Molly Haskell: So you can actually enjoy it?

Jessica Lange: Yeah. Well, I don't know if enjoy it, but I feel a certain distance from it. It doesn't feel familiar.

Molly Haskell: You don't cringe, right?

Jessica Lange: Now, if I were to watch this interview that he's taping, I would end up like ... I don't think I'd ever be able to do it, because it's watching myself. But watching a character is, it feels so separate and removed.

Molly Haskell: Well, that's the whole point of acting. That's why-

Jessica Lange: Yes, it is.

Molly Haskell: ... you don't want to do these things. Okay. Yes?

Speaker 6: I'm just wondering, as you look back on your choices that you made and the roles you've been in, is there a common thread or something that drew you to the things?

Molly Haskell: As you look back on the roles you've played and the films you've chosen, is there a common thread, something that drew you to these?

Jessica Lange: I guess they're all women who are in, to some degree, in big emotional swings, whether it's on the verge of madness or nervous collapse or kind of extreme emotional conditions closing in on them. I guess that's really what it ... The thing that attracts me to a part is what emotional area I'm going to be able to investigate. So I guess- Oct 3, 1997 42

Speaker 6: Is that related to your own life?

Molly Haskell: Is that related to your own life?

Jessica Lange: Emotionally? No. I like characters about as far away from me as I can play them. That's, for me, what makes acting interesting is the kind of the disguise and going into areas that you would never want to go into in your own life. I mean, like in Blue Sky. I would never want to be that kind of mother in front of my children, but it's fun to do that, if you don't have to suffer the repercussions. You know? If you don't have to wake up the next morning and say, "Oh, I did that again? Shit."

Molly Haskell: Well, maybe it exercises this little part of you that might do that in real life, so this way you-

Jessica Lange: Well, actually my daughter once said to me, "Mom, do you think playing all these crazy people is going to make you crazy?" Which I thought was very astute obviously, and I said, "No, I actually think it probably keeps me from going crazy," so.

Molly Haskell: Yeah. Well, you do play a lot of women who make bad choices, but you don't seem to have made terribly bad choices in your life.

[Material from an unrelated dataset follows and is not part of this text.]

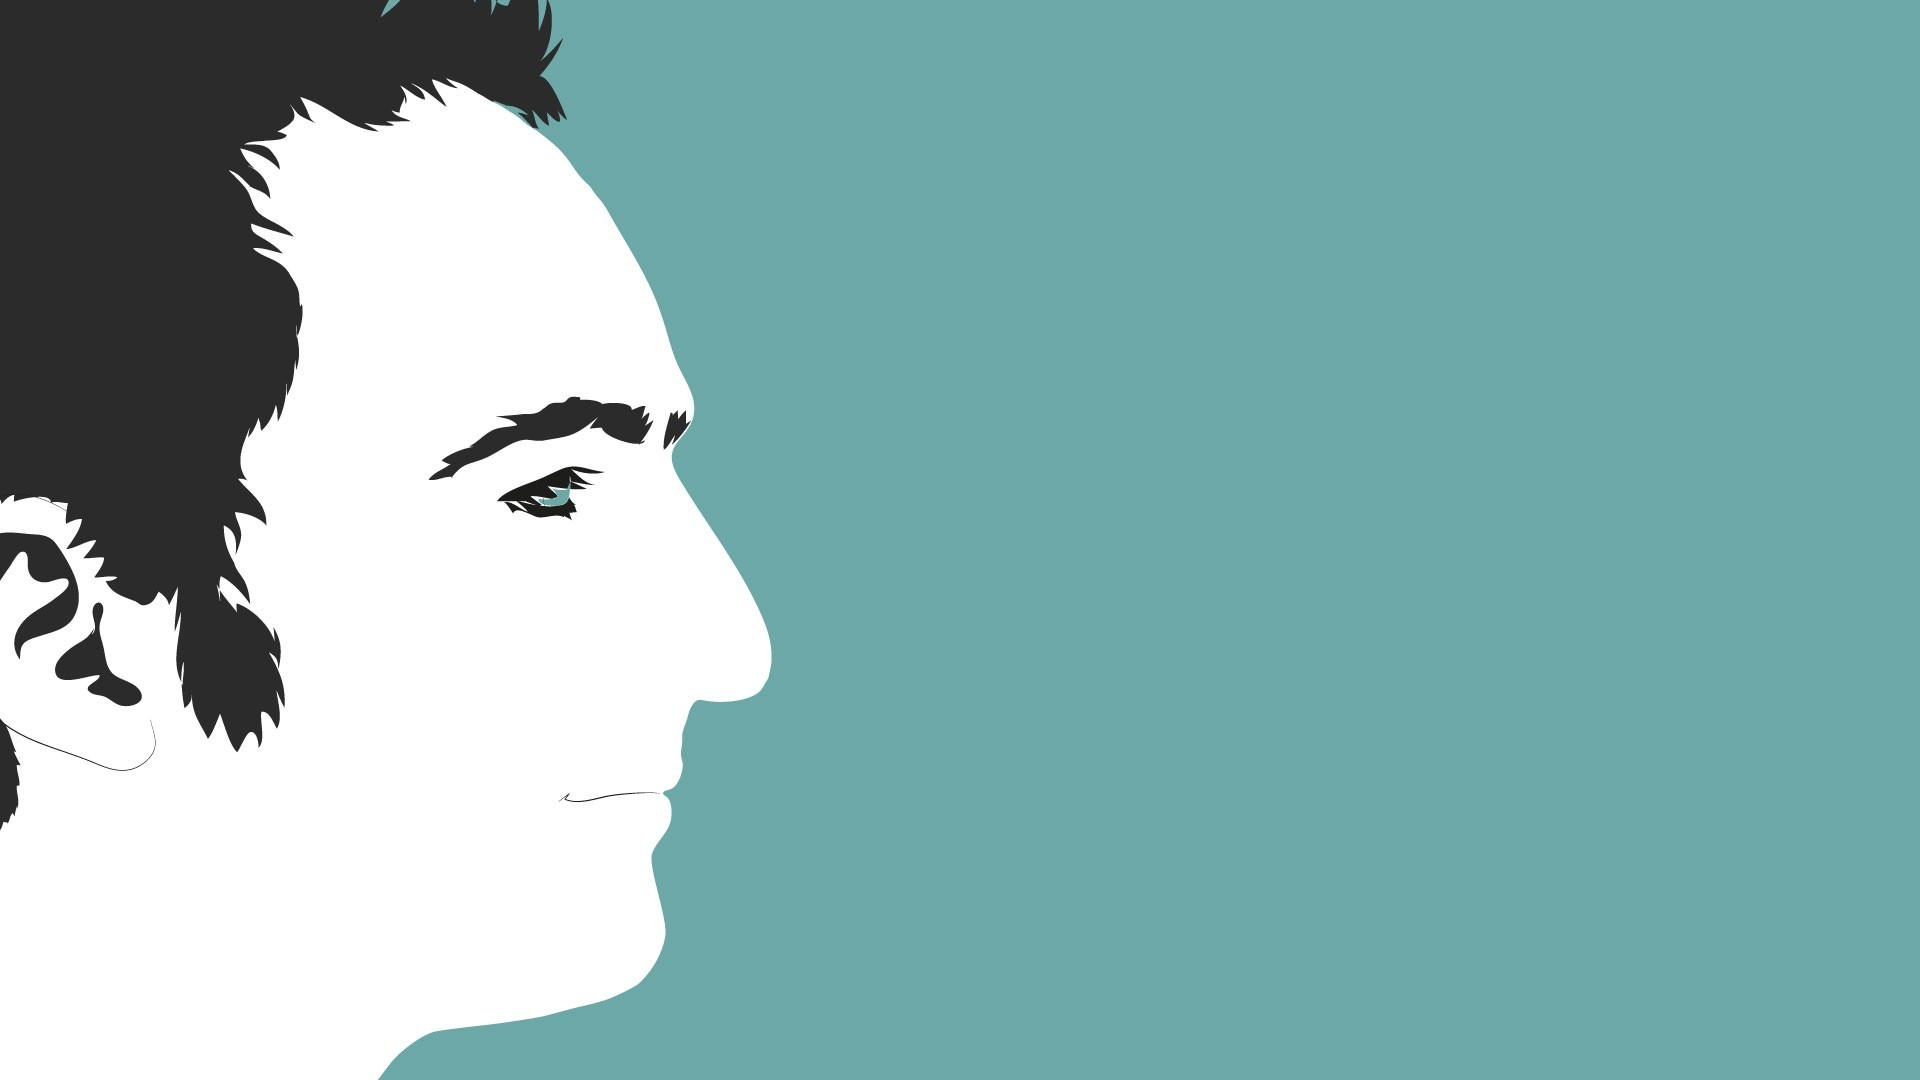 David Ayoun

Jessica Lange: No, I feel very lucky.

Molly Haskell: All right, let's see. One more question, I guess.

Speaker 7: Is a sense of place very important to you? You've done two films with Iowa settings. Would you ever think of coming back to Minnesota, another Far North?

Jessica Lange: I'd love to do something here again, yeah. I would.

Molly Haskell: One last question, the woman ... Was there a woman? Yes? Yes, you.

Speaker 8: I particularly love , too. Could you say something about it?

Molly Haskell: She loved Crimes of the Heart, too, so say a brief something about that.

Oct 3, 1997 43

Jessica Lange: Oh, well, that was a joy to do, because working with Diane Keaton and Sissy Spacek and Tess Harper and Sam was in it, and we had a wonderful kind of familial set and situation. Everybody brought their kids every day. It was very relaxed and I made great friendships with Diane and Sissy and Tess, so it was one of those films that I look back on and I feel great fondness for. It was fun to do.

Molly Haskell: Are you able to keep these friendships? Or are they just, that's one of the casualties of movie making?

Jessica Lange: Well no, I feel like I've kept the friendships. Certain people that I've worked with like or Sissy or Diane, or even now with Michelle, the only problem is that-

Molly Haskell: Your careers are-

Jessica Lange: ... your careers are you're always someplace else, I don't live ... I mean, I live in Minnesota, so-

Molly Haskell: Yeah, so they don't come through too often.

Jessica Lange: I don't see a lot of those-

Molly Haskell: But they're there. They're somewhere inside you, so.

Jessica Lange: Yeah.

Molly Haskell: Well, thank you so much for being here tonight.

Jessica Lange: Thank you, Molly.

Molly Haskell: I know everybody-

Jessica Lange: Well, we got through it.